2. **Impact Investigator** — Uses Opus with Git history, codebase search, WebSearch, and Codex for risk analysis
   Prompt: "You are the Impact Investigator for bug: {issue}.

   Your job: Determine the full scope and impact of this bug, and gather context for the fix.
   Consult Codex for regression risk reasoning and fix safety analysis.

   Bug Report:
   {bug report from Phase 1}

   Tasks:
   1. Trace the bug's origin in git history:
      - git log / git bisect to find the introducing commit
      - What change caused this? Was it intentional?
   2. Assess blast radius:
      - What other code paths call the affected function?
      - What features/users are impacted?
      - Are there related bugs or similar patterns elsewhere?
   3. Research external context:
      - Is this a known issue in a dependency? (WebSearch)
      - Are there upstream fixes or workarounds?
      - Check issue trackers, changelogs, migration guides
   4. Evaluate regression risk:
      - What tests cover the affected area?
      - What could break if we change this code?
      - Are there downstream consumers to consider?

   How to research:
   - Use Git commands (git log, git blame, git bisect) for history
   - Use Grep/Glob for codebase impact analysis
   - Use WebSearch for external known issues:
     WebSearch: '{library} {error message} issue fix'

   ## Codex Risk Analysis Protocol (MANDATORY)

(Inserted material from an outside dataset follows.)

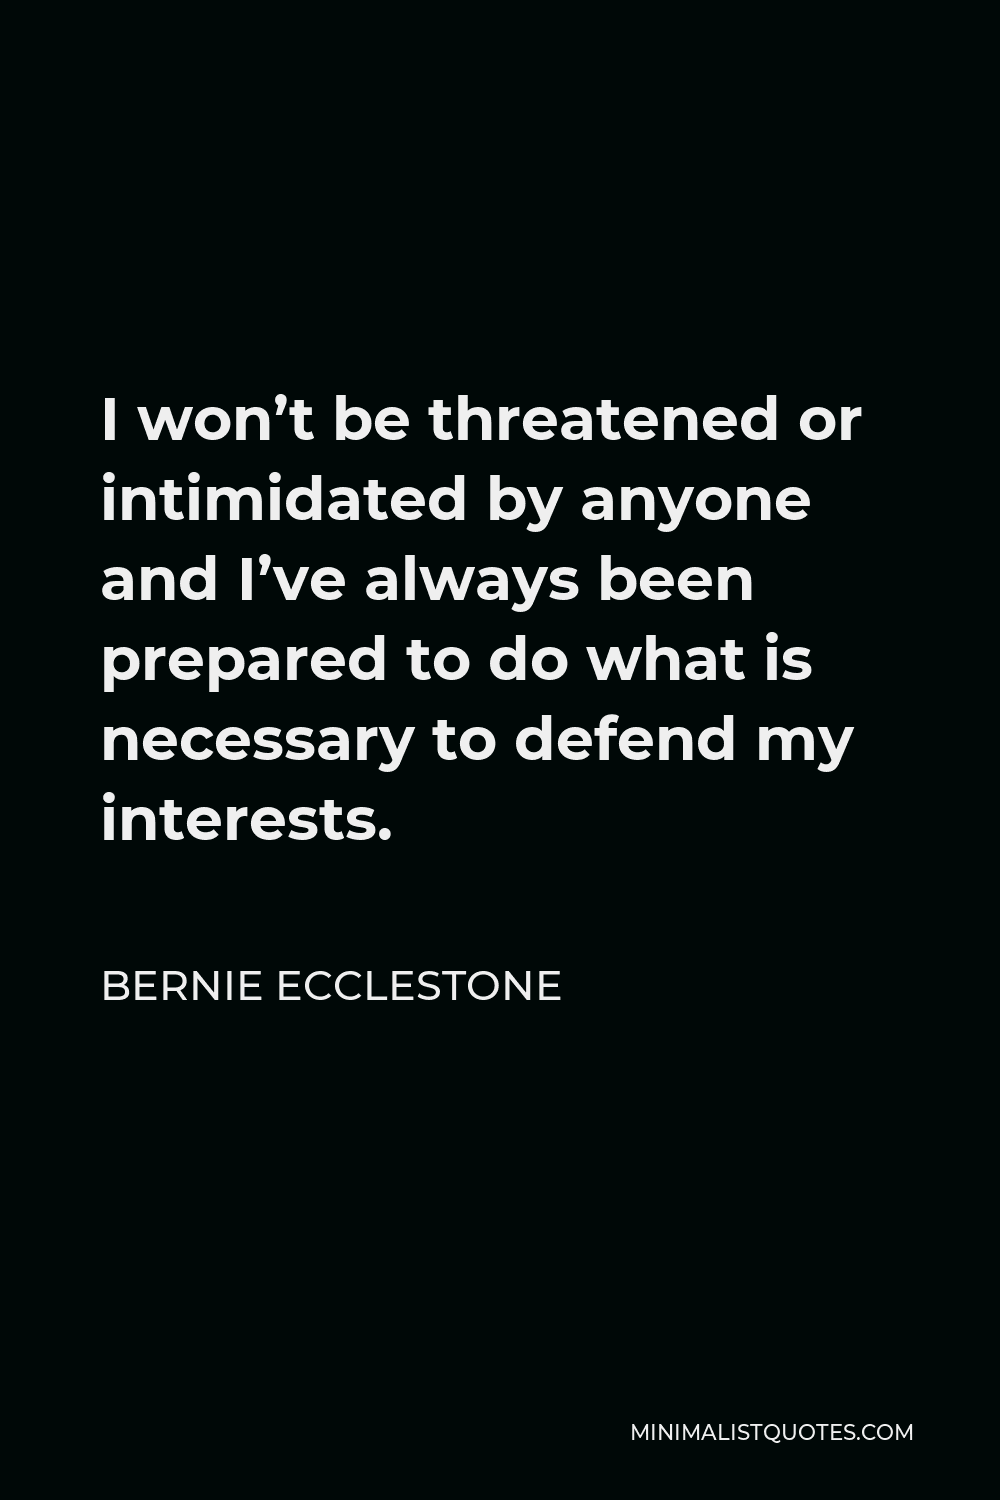 Bernie Ecclestone Quote - I won’t be threatened or intimidated by anyone and I’ve always been prepared to do what is necessary to defend my interests.
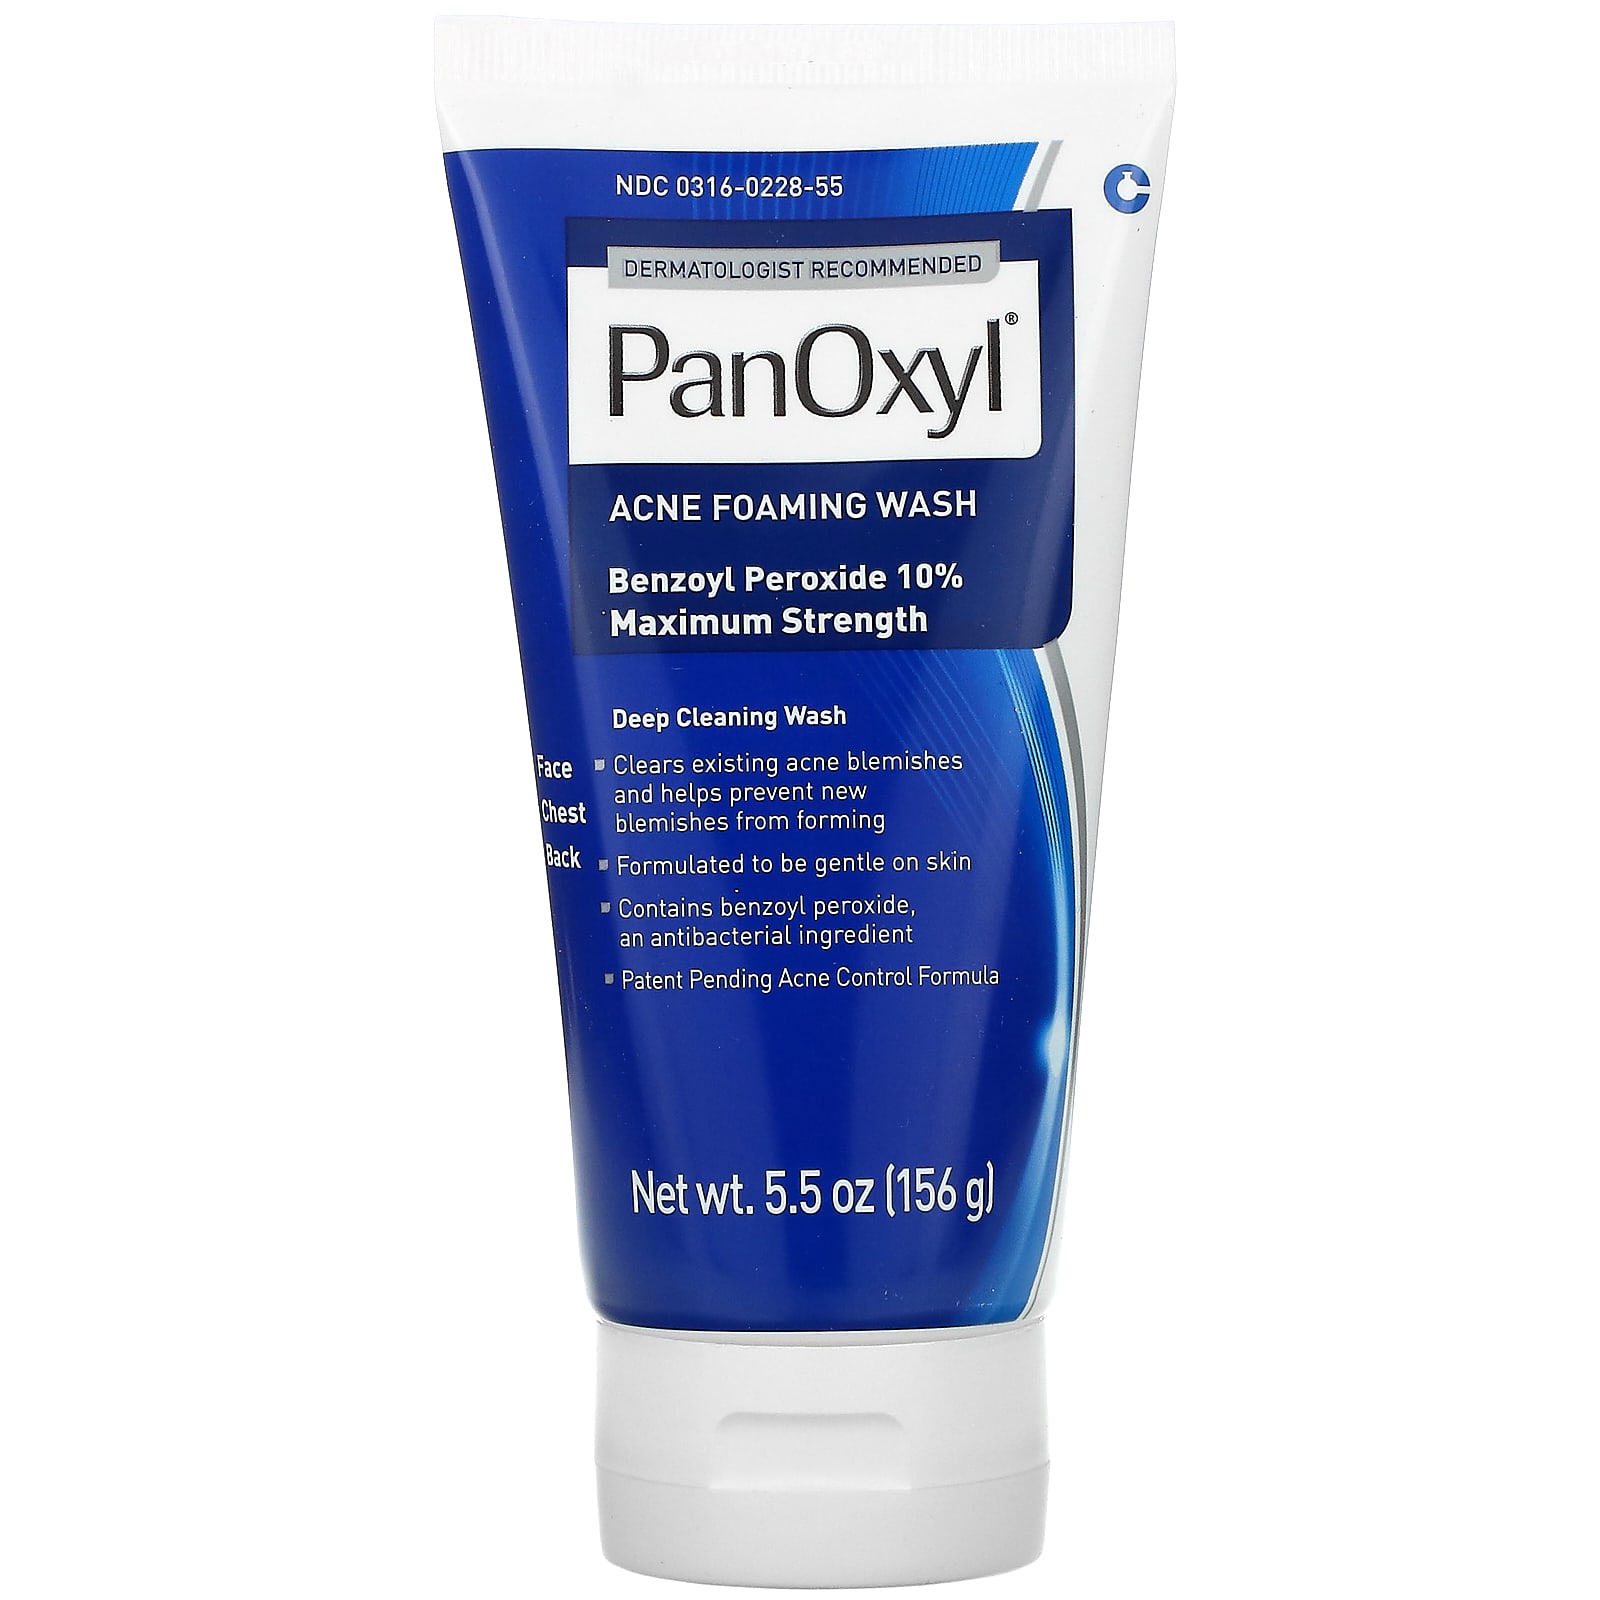 PanOxyl Acne Foaming Wash with Benzoyl Peroxide 10% Maximum Strength

   You MUST consult Codex for regression risk reasoning and fix safety analysis.

   ### Regression Risk Reasoning
   Consult Codex to evaluate what could break if the proposed change is applied:
   codex exec --model "${CODEX_MODEL:-gpt-5.5}" --sandbox read-only '
   Objective: Evaluate regression risk if {proposed change} is applied to {file:line}.
   Context:
   - Current behavior: {description}
   - Proposed change: {description}
   - Callers of affected function: {list}
   - Existing test coverage: {description}
   Constraints:
   - Consider all callers and downstream consumers
   - Identify implicit contracts that may be violated
   - Assess backward compatibility impact
   Output format:
   ## Risk Assessment (HIGH / MEDIUM / LOW)
   ## Affected Code Paths
   ## Implicit Contracts at Risk
   ## Recommended Safeguards
   ' 2>/dev/null

   ### Fix Safety Analysis
   Consult Codex to verify the proposed fix does not introduce new issues:
   codex exec --model "${CODEX_MODEL:-gpt-5.5}" --sandbox read-only '
   Objective: Analyze whether the proposed fix introduces new issues or side effects.
   Context:
   - Root cause: {from Root Cause Analyst}
   - Proposed fix: {description}
   - Blast radius: {affected code paths}
   - Dependencies: {upstream/downstream}
   Constraints:
   - Check for new edge cases created by the fix
   - Verify thread safety if applicable
   - Check for performance implications
   Output format:
   ## Safety Assessment (SAFE / CAUTION / UNSAFE)
   ## New Issues Identified
   ## Side Effects
   ## Mitigation Recommendations
   ' 2>/dev/null

   Save findings to .claude/docs/research/troubleshoot-{issue}-impact.md

   Communicate with Root Cause Analyst teammate:
   - Share git history context that informs root cause
   - Share external findings (known issues, upstream fixes)
   - Request clarification on which code paths to investigate

   IMPORTANT — Work Log:
   When ALL your tasks are complete, write a work log file to:
     .claude/logs/agent-teams/{team-name}/impact-investigator.md

   Use this format:
   # Work Log: Impact Investigator
   ## Summary
   (1-2 sentence summary of impact assessment)
   ## Git History
   - Introducing commit: {hash} — {description}
   - Related commits: {list}
   ## Blast Radius
   - Affected code paths: {list}
   - Affected features/users: {list}
   ## External Research
   - {source}: {finding and relevance}
   ## Regression Risk
   - Existing test coverage: {description}
   - Risk areas: {what could break}
   ## Codex Risk Analysis
   - Regression risk assessment: {Codex's verdict and reasoning}
   - Fix safety assessment: {Codex's verdict and reasoning}
   ## Communication with Teammates
   - -> {recipient}: {summary of message sent}
   - <- {sender}: {summary of message received}
   ## Issues Encountered
   - {issue}: {how it was resolved}
   (If none, write 'None')
   "

Wait for both teammates to complete their tasks.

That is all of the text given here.